Doğrusunu ararsanız, gazeteci arkadaşımın yapması gereken sorduğum 7 soruya teker teker cevap vermekti. Zira çok ciddi ithamlar var orada.
Örneğin sorulardan bir tanesi şu idi; 2004-2005 yıllarına ait Büyükşehir Belediyesi"nin faaliyet raporunda, o gün sahibi olduğun Yeni Ekip gazetesine 132 milyar para ödendi mi, ödenmedi mi? Ayrıca bu resmi evrakla belli olan ödemedir.
Bunun dışında resmiyete dökülmemiş gayriresmi yollardan aldıklarını, belediyenin baskı işlerinde kendi matbaanda basamayıp, dışarıda bastırdıklarından aldığın komisyonları yazmıyorum. 'Bana falanca zamanda şu kadar rüşvet teklif edildi, filanca adama sorun' dediğin adamın seninle ilgili neler düşündüğünü söyleyeyim mi; "Değmez, bu seviyesiz ve yüzsüz adam için yazmana. Onda kızaracak yüz yoktur" dedi bana. Git sor istersen...
Gelelim bu arkadaşımızın neden bu kadar seviyesini düşürüp yazdığına...
Uzun zamandır gazetemizin genel yayın yönetmenliğine talip olan bu arkadaşımız, araya bir sürü adam koyup ısrarla buluşma talebinde bulununca nihayet bundan iki ay önce Kerimbey Konağı'nda kendisi ile buluşup görüştüm.
Çalıştığı gazeteden memnun olmayan arkadaşımız, 'istersen gazeteyi satın al, istersen beni gazetene al' teklifinde bulununca ben kendisine olmaz dediğimden böyle bir yola başvurdu!..
Ayrıca yer aldığı piyasadaki tüm kredisini bitirmiş, yanında çalışan personelin kredi kartından alışveriş yapıp onun da parasını ödemeyerek çalışan personelin evine icra gelmesine yol açmış bir adamla ilgili daha ne denir bilemiyorum!..
Kimin nereye battığını üstad Necip Fazıl ile Neyzen Tevfik arasındaki atışmayı örnek vererek izah etmek istiyorum...
Malumunuz, Neyzen Tevfik"le Üstad sürekli atışırlar. Biri diğerinden daha üstün edebiyatçı olduğunu söyler. Diğeri ise onun bir şeyden anlamadığını söyler. Bu atışmalar sürüp gider iken Neyzen Tevfik, Üstad"a 'Sen benim yanımda sıfırsın' deyince üstad, hemen cevabını yapıştırıverir, 'Sen de benim yanımda çift sıfırsın.'
Gelelim bugünkü mevzumuza...
Biz gazetecilerin görevinin sadece yapılan doğru işleri ve yanlışları yazmanın yanında çözüm önerileri de sunmak gereğini taşıdığı kanaatindeyim. Geçtiğimiz pazar günü yazdığım yazıda şehrimizdeki en önemli sorunların başında otopark sorununun geldiğini belirtip konuyla ilgili yapılması gerekenleri de yazmıştım.

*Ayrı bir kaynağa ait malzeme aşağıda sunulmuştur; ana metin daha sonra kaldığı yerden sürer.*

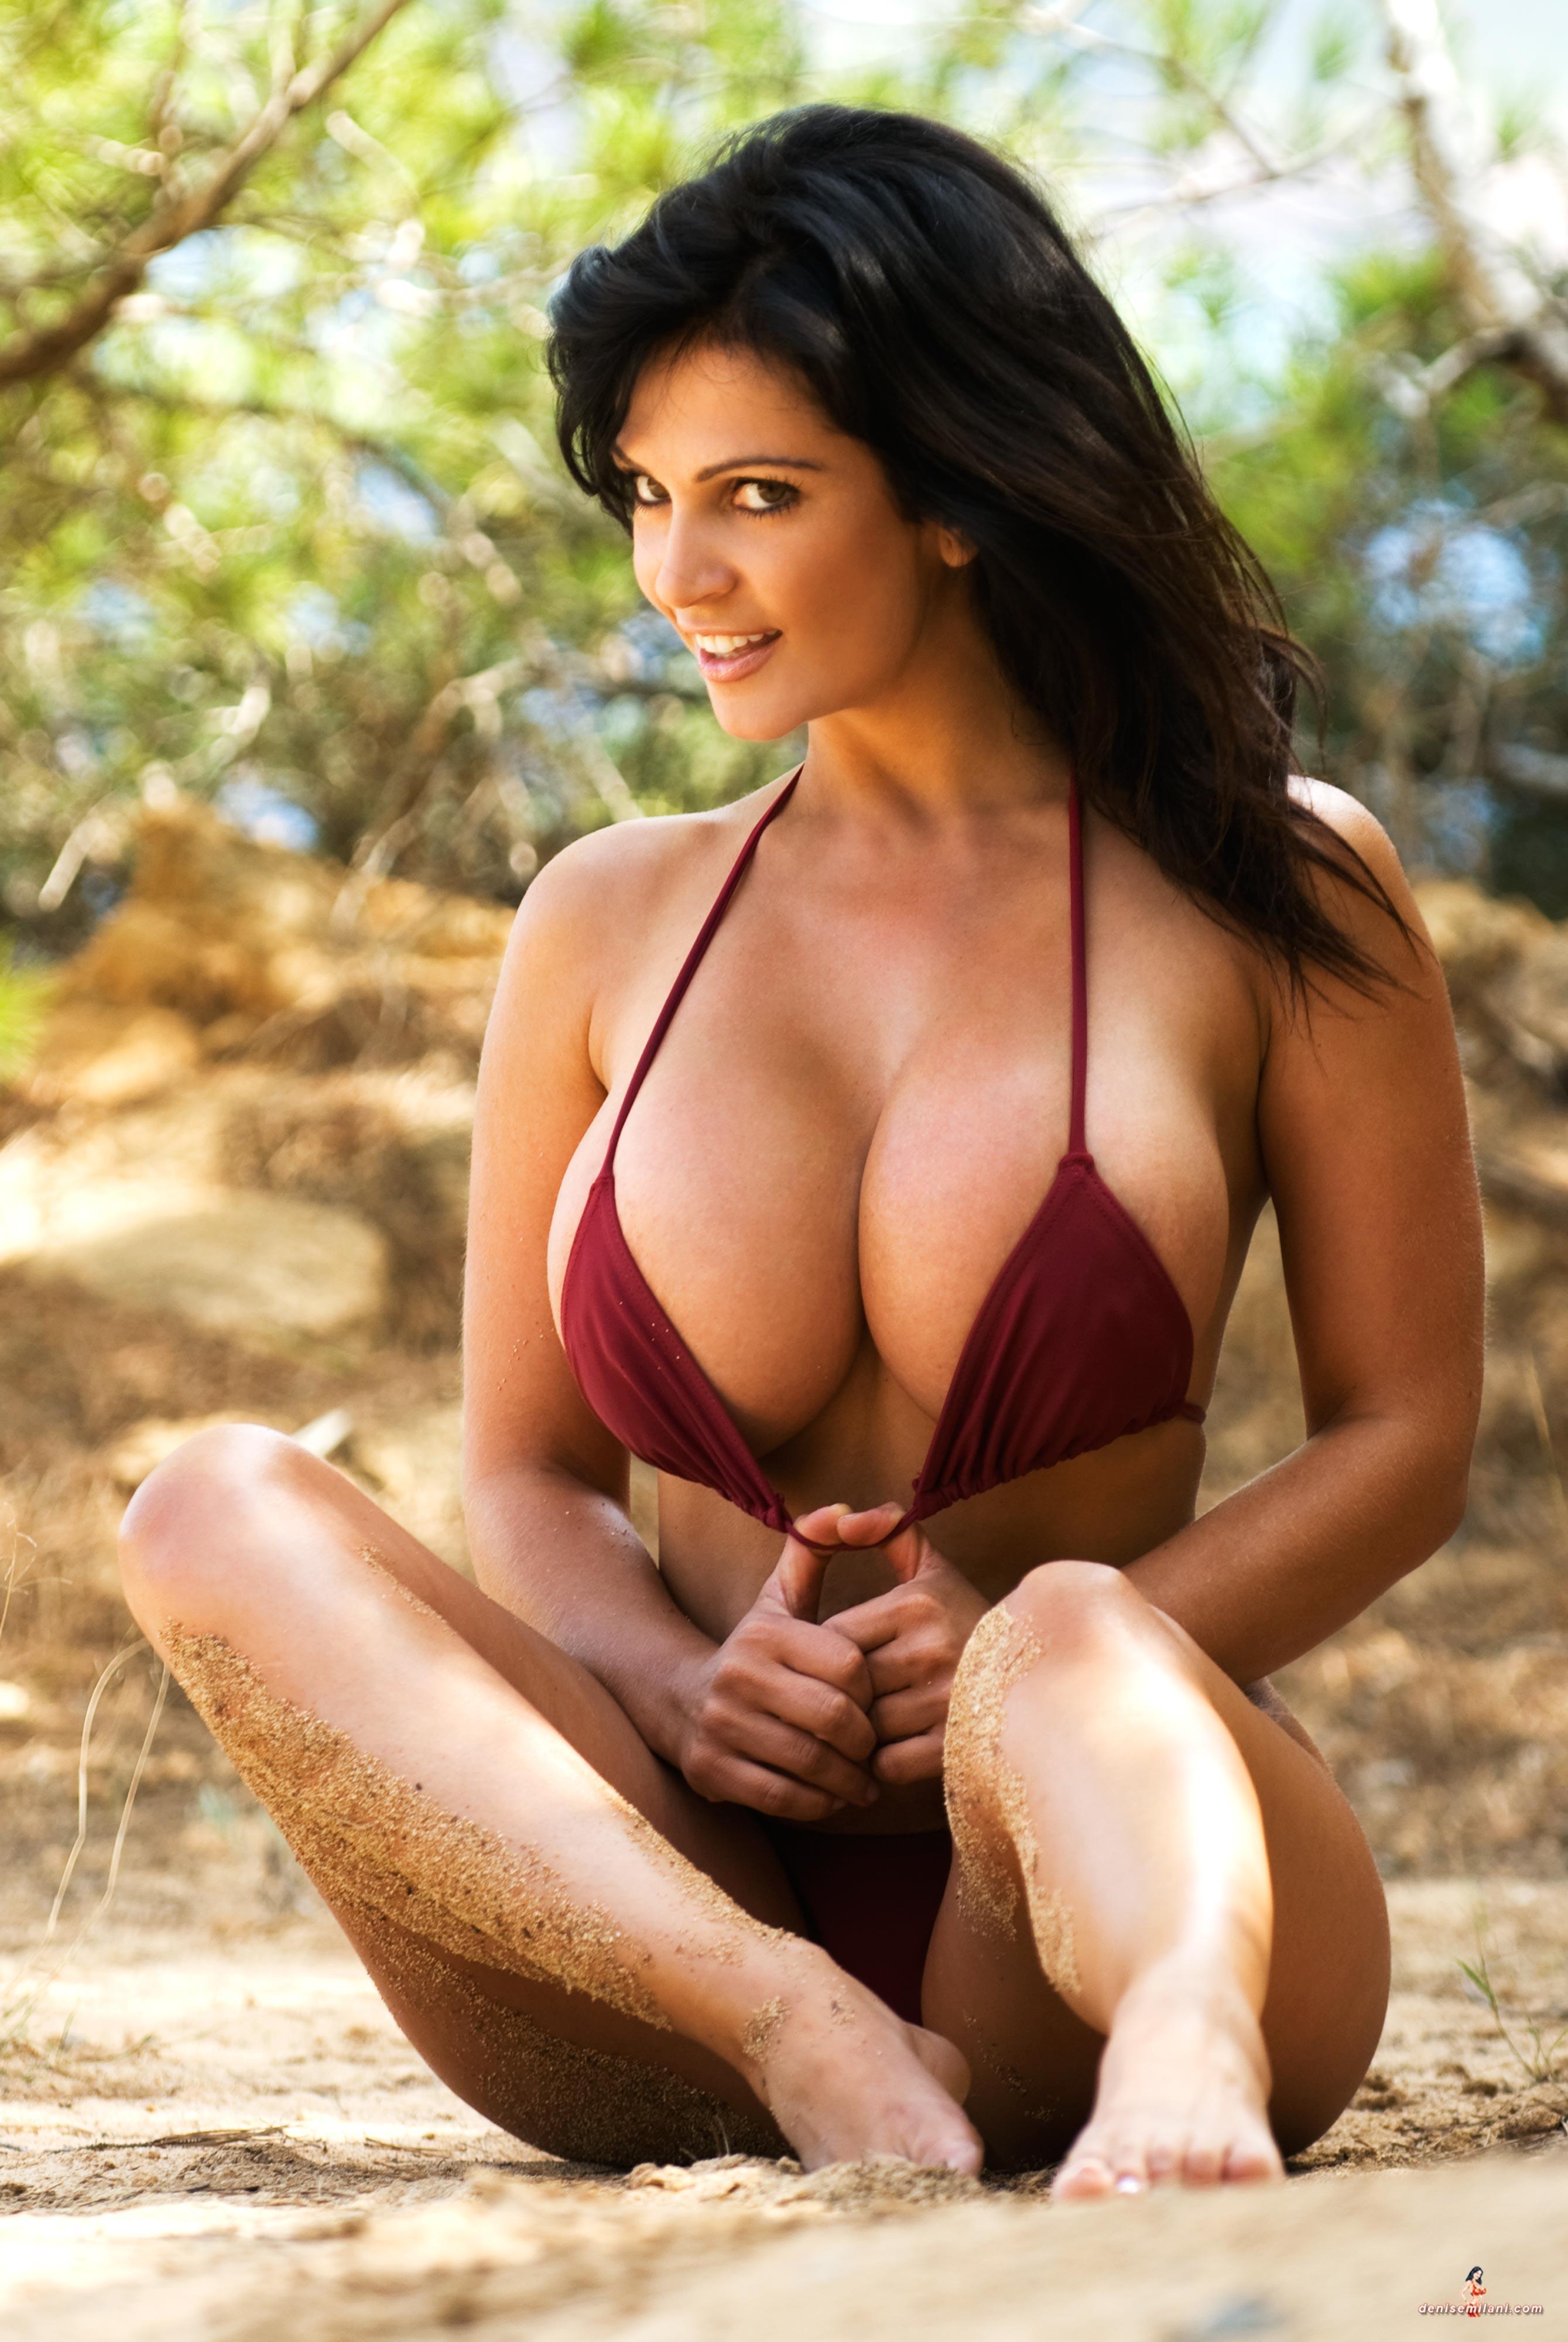 Hot Busty Babe

Şehirde az yağmur yağdığında, iftar vakti herkes evine iftar için yola çıktığında veya bir maç sonrasında trafik keşmekeş oluyor. Her lamba başında trafik polisi duruma müdahale etmeye çalışıyor. Ancak müdahale etmek, işi daha da çıkmaz hale getiriyor. Trafik akışı, ışıkların doğal haline bırakılsa tıkanıklık daha rahat aşılacak gibi gözüküyor.
Ancak burada asıl sorun yol kenarında park eden araçlar. Polis aracı bir yandan bangır bangır bağırsa da yol kenarındaki araçlar kalksın diye, sorun çözülemiyor.
Peki bu araçlar nereye gidecek? Tüm parklar dolu, vatandaş arabasını ne yapacak? Sosyal devlet olmanın sorumlulukları vardır. Öyle polisiye tedbirlerle trafik rahatlamaz. Vatandaşa arabasını park edecek yeri bulursanız, vatandaş da arabasına binlerce YTL ödedikten sonra sokağa bırakma meraklısı olmadığından, otomobiller için tahsis ettiğiniz yerelere bırakacaklardır araçlarını.
Burada yapılması gereken ilk icraat, şehrin merkezindeki otopark sayısını acilen trafiğe çıkan araç oranında artırılmasıdır. Ancak gelin görün ki; her ne hikmettense bizim yöneticilerimiz, otopark olan yerleri de kaldırıp yerine bina dikmek için ellerinden geleni yapıyorlar. Burada şehirde yöneticilik yapan herkesin sorumluluğu var.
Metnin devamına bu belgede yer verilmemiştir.